Benjie’s sequences will undoubtedly be the audience favorite. The star of a hit TV series, Benjie has become a brand name with his own raunchy film comedy franchise, Bad Babysitter. Only 13-years-old and already serving a stint in rehab for drug abuse, Benjie is the precocious adolescent id that one minute is visiting a “Make a Wish” child in the hospital and is in the next moment calling his personal assistant a “Jew faggot.” In one of the movie’s best scenes, Benjie and his mother sit before a sterile board of studio executive plastic smiles as he is needled about how he can stay sober for Bad Babysitter 2. Caring more about his PR appeal than his actual health, the execs have all the genuine concern of Christopher Lee staring at the next Wicker Man.

However, as mean-spiritedly amusing as Maps to the Stars can be, eventually it becomes apparent that self-satisfied cruelty is all the picture is trading on. Traditionally, Cronenberg finds an unquenchable humanity in his subject matter, no matter how ugly or obscured by make-up prosthetics or Russian mafia tattoos. Conversely, the far more lightly-touched Maps feels shockingly removed from the authenticity usually sought by a filmmaker who once made a term paper on Freud and Jung into a masterpiece of understated drama. Pattinson who proved to be an untapped resource in Cronenberg’s last film, Cosmopolis, only exists here to reinforce there are no nice people in this business. A chuckle about how he intends to convert to Scientology to help his career is all he has to go on as a character builder.

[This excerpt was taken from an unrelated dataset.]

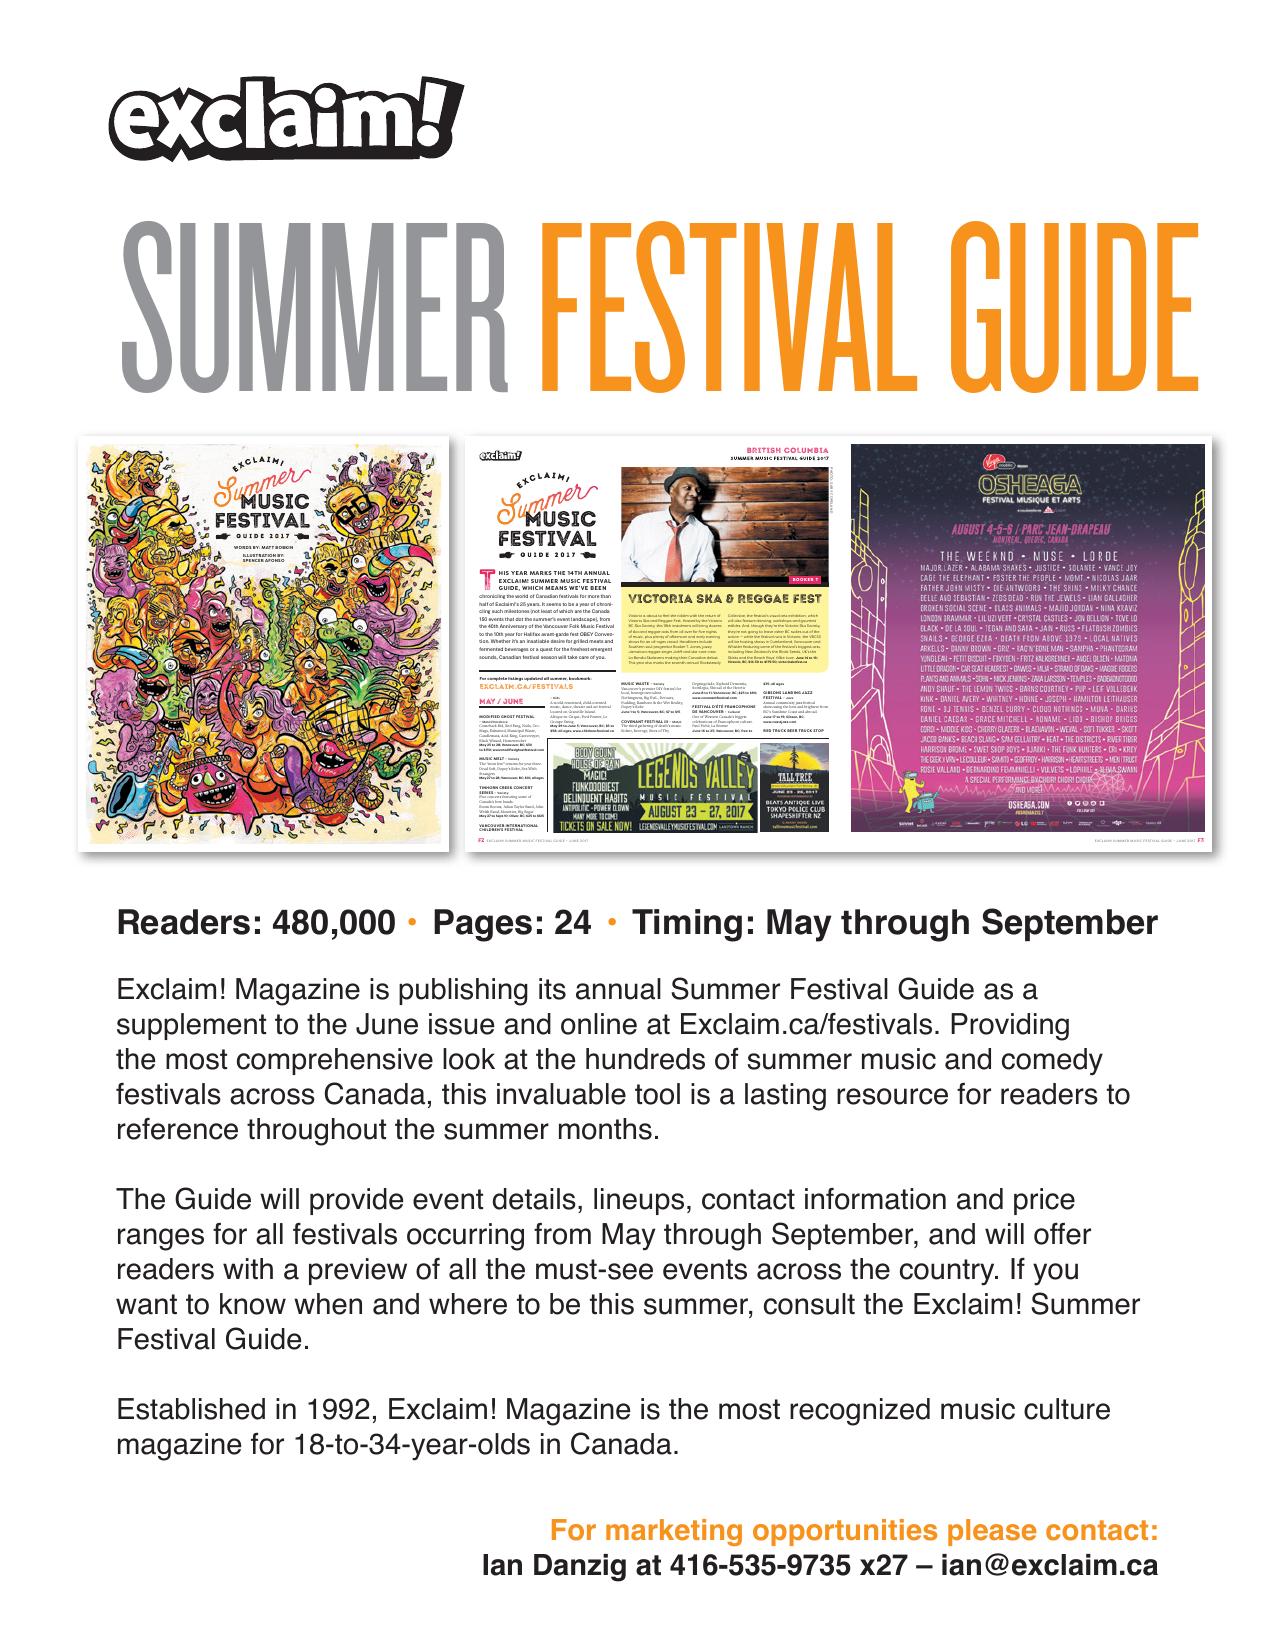 exclaim_summer_festival_guide.jpg

To be sure, the best roles in the film belong to Moore and Wasikowska. The latter finds an eerily otherworldly sunshine to project when her insides must look more like the Northeast in January, as opposed to her summertime Southern California surroundings. Moore, meanwhile, devours the part of an industry veteran who still mistakes sex for negotiation and employees as playthings. There is a wordless desperation in every strained laugh and joy that when true happiness finally comes, in the grimmest of contexts, it is a terror to behold.

But much like Benjie’s far more contemporary deconstruction of vapidity and self- aggrandizement, it comes to little when the third act devolves into lurid plot twists of soap operatic proportions. There is a film-within-a-film bandied about between screenwriters on the subject of a “mythical” and beautiful indie flick centered on incest. But when the actual incest revelations come tumbling out of this movie, their shock stems solely from the blatantly miscalculated manipulation of Maps’ own screenplay.

Early on in Maps to the Stars, Carrie Fisher appears as herself in a delicious cameo that embodies all the cynicism the rest of the movie strains for. As an actress who has teased an encyclopedic knowledge of Golden Age immorality that might even make this film blush, she appears as a friend and confidant to Moore’s fictional daughter of Hollywood aristocracy. And it strikes one that Fisher, no stranger to movie star mothers (or illicit affairs from any number of family members), could one day craft the perfect show biz caricature that so many other efforts long to be.

But for this picture, it really is like being on a tour bus to the stars. You think you’re going somewhere celestial or salacious but wind up with that barren feeling of disappointment by journey’s end.